Paul Quinn’s president Michael J. Sorrell has instituted a new dress code for students on campus. Between the hours of 8 a.m. and 5 p.m., Monday through Friday, all students will be required to dress in “business casual” attire. This mean that students are not permitted to wear jeans, flip-flops, T-shirts, tank tops, or sneakers.

President Sorrell states, “We are charged with the responsibility of preparing our students to assume a leadership role in business, and we can no longer pretend that their attire isn’t one aspect of that preparation.”

Sympathetic to the fact that the new dress code might be difficult for some low-income students, Sorrell sought out corporations and individuals to donate appropriate clothes that can be used by students.

A student who violates the dress code will be required to do community service. A second violation will require the student to join President Sorrell’s Saturday Morning Running Club.

10.8%  The percentage of all white Americans who did not have health insurance coverage in 2006.

20.5%  The percentage of all African Americans who did not have health insurance coverage in 2006.

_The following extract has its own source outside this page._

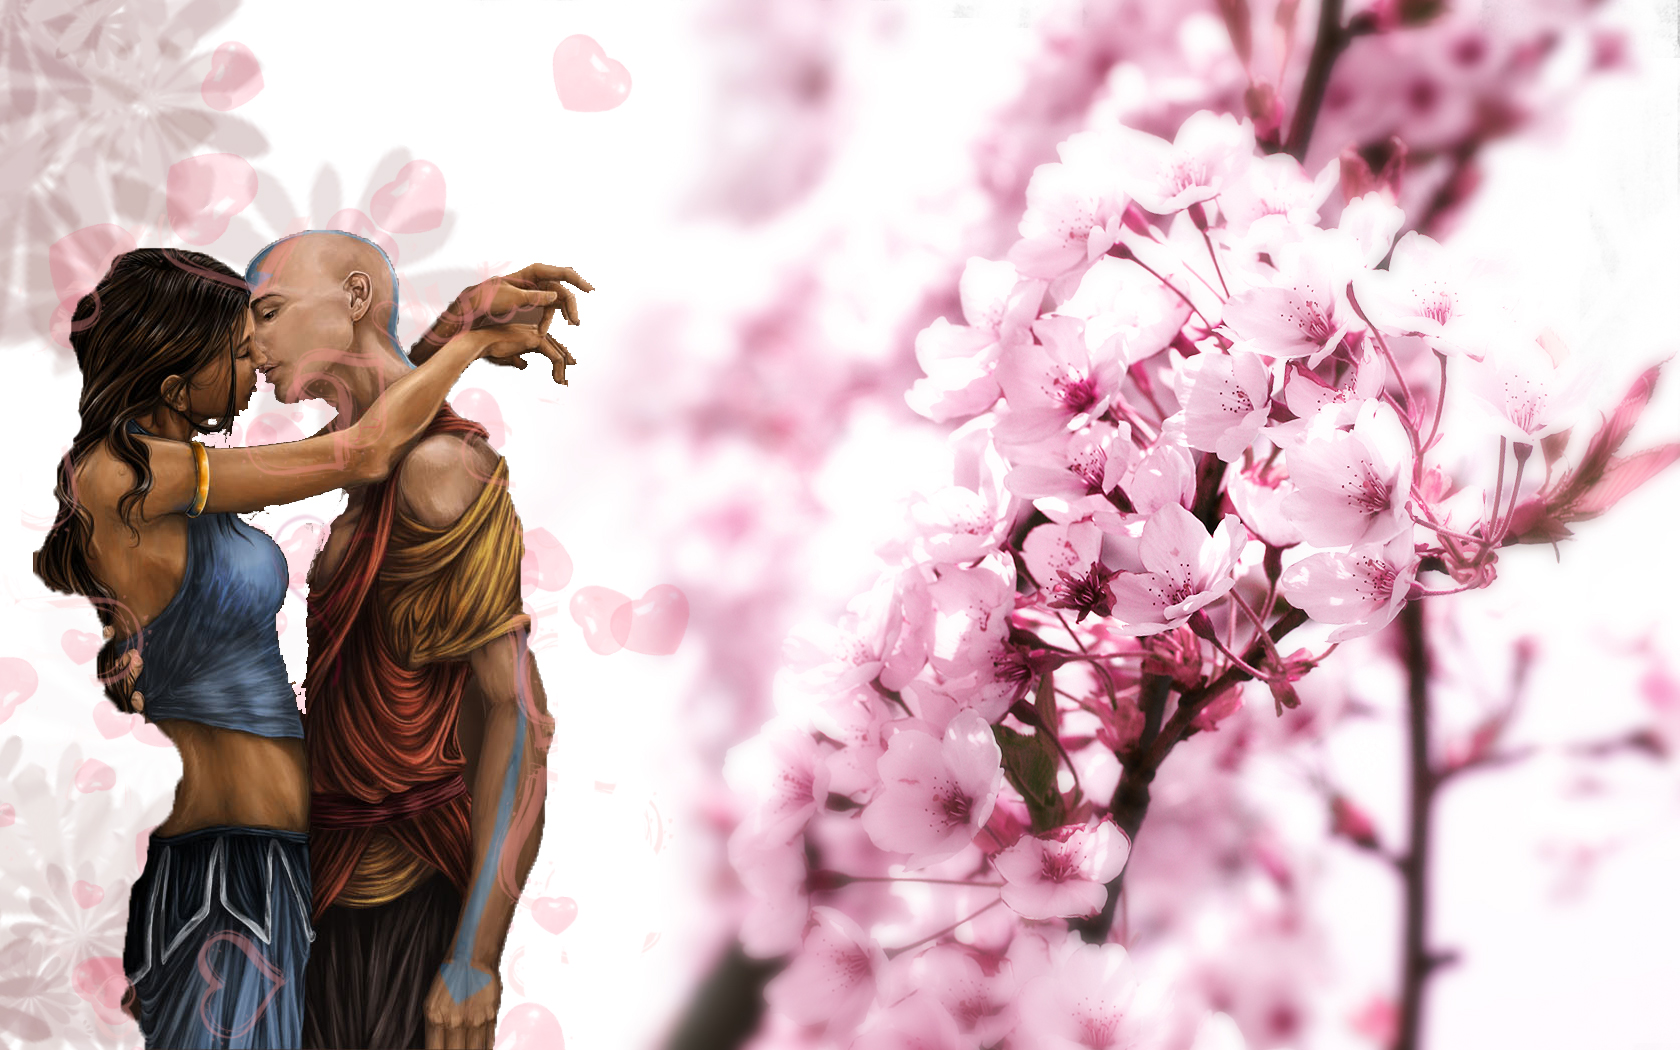 Avatar Love: HD desktop wallpaper featuring Aang and Katara from The Last Airbender.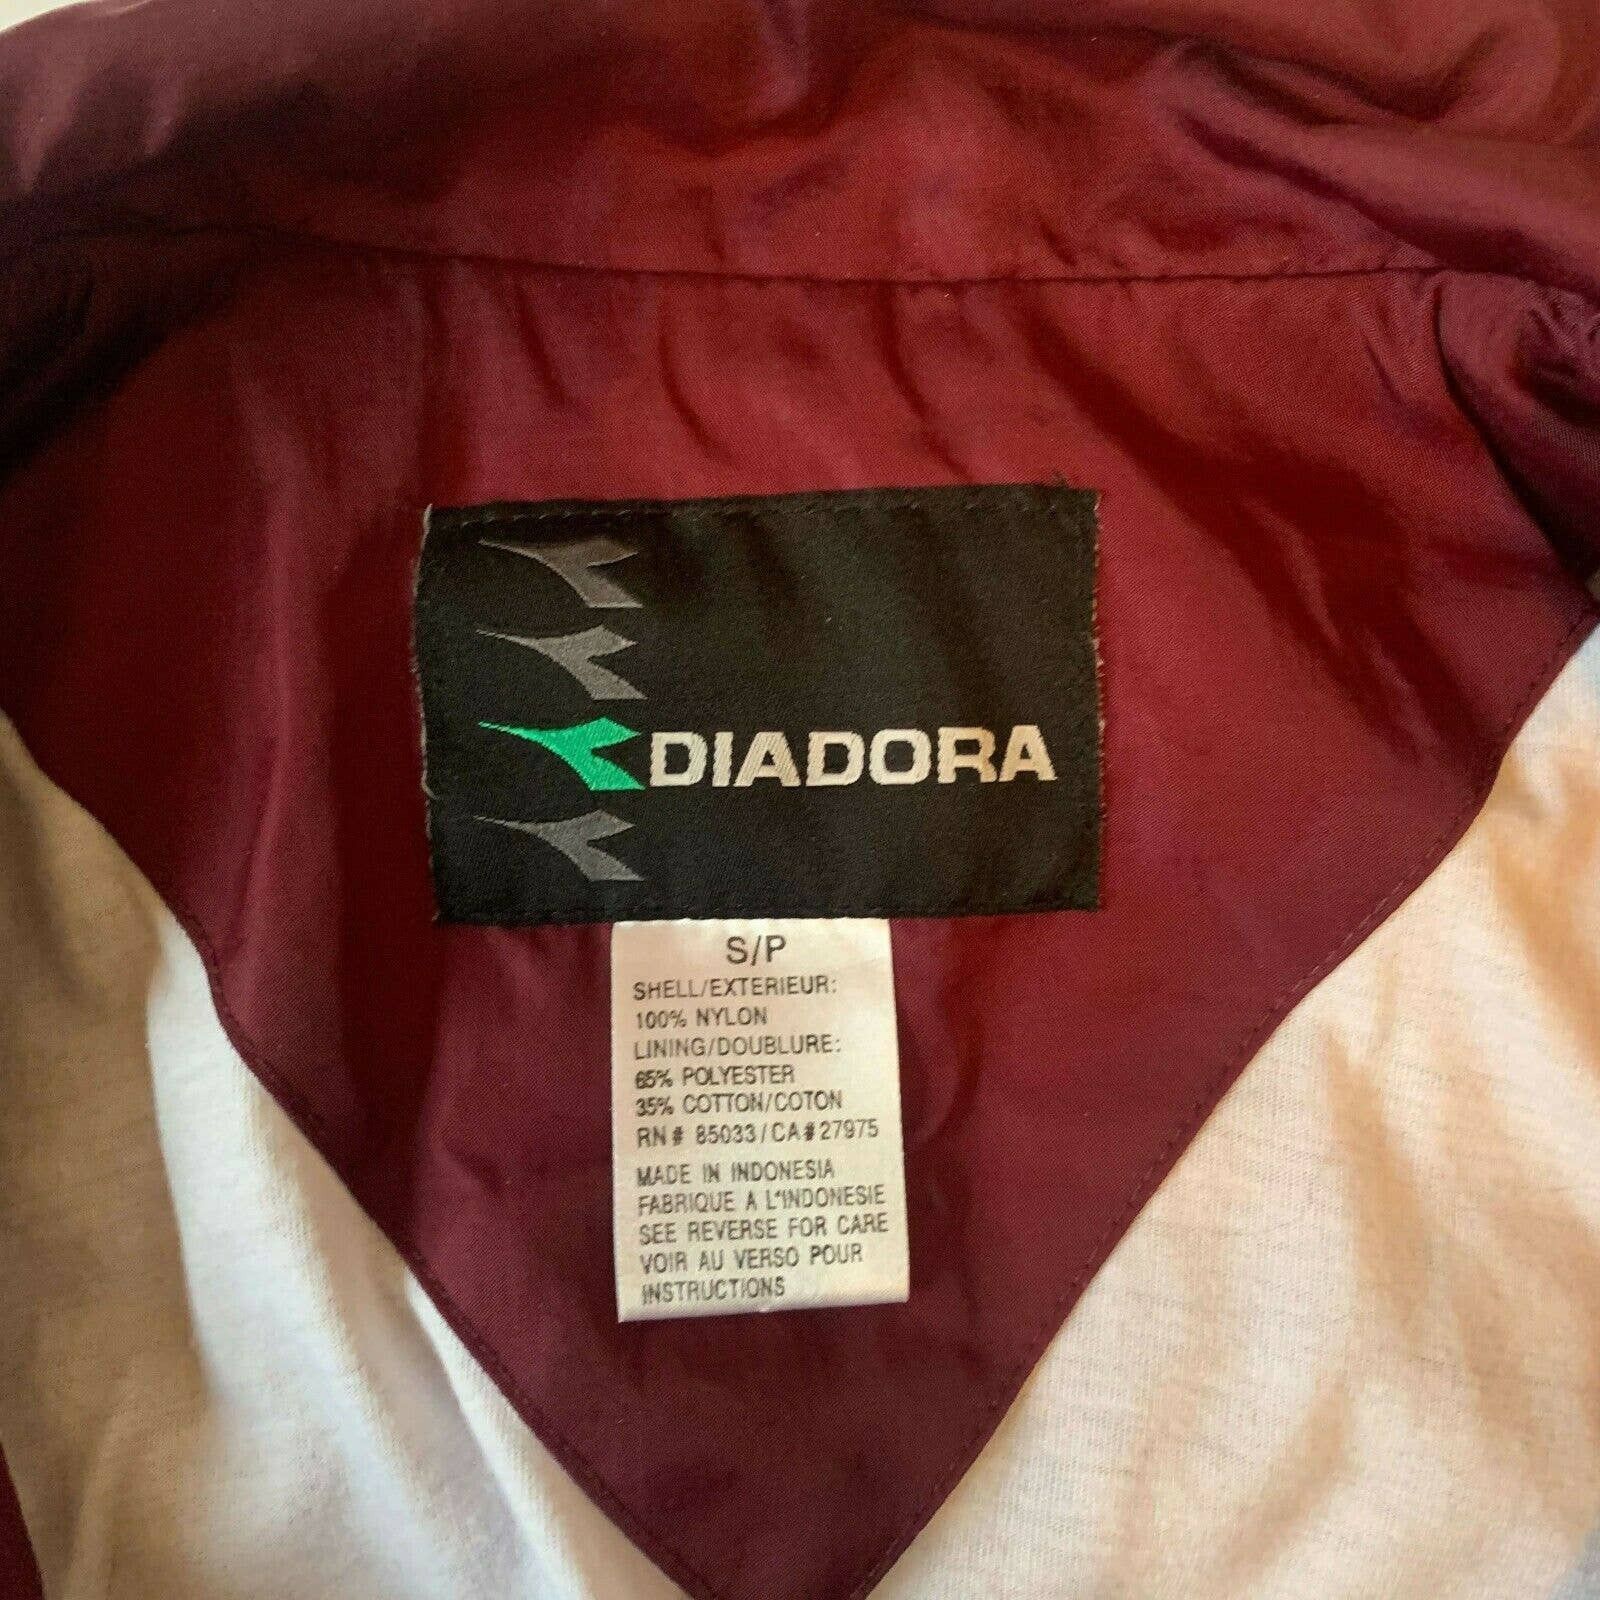 Diadora DIADORA Vintage 1980s 90s Tracksuit Jacket Top Size US S / EU 44-46 / 1 - 8 Preview

source: U.S. Census Bureau

Black Enrollments on the Rise at the University of Colorado

In recent years the University of Colorado at Boulder has been plagued by a number of incidents of racial hate. As a result, the number of blacks in the first-year class at the university was 66 in both 2004 and 2005. Officials at the university took steps to increase black enrollments. University president Hank Brown went to black churches in Denver to recruit students. African-American students at the university were employed to write letters to prospective black students to encourage them to apply to the university. Officials at the university met with local community and professional groups to discuss ways in which black students could be encouraged to apply.

The efforts seem to be bearing fruit. There are 102 black freshmen on campus this year, up 55 percent from two years ago and up 24 percent from a year ago.

Grants

Claflin University, the historically black educational institution in Orangeburg, South Carolina, received a $297,034 grant from the U.S. Department of Education for its Upward Bound program in mathematics and the sciences.

Howard University, the historically black educational institution in Washington, D.C., received a three-year, $2.2 million grant from the U.S. Health Resources and Services Administration for its pediatric dentistry residency program. The grant will provide funds for scholarships for six first-year and six second-year dentistry residents.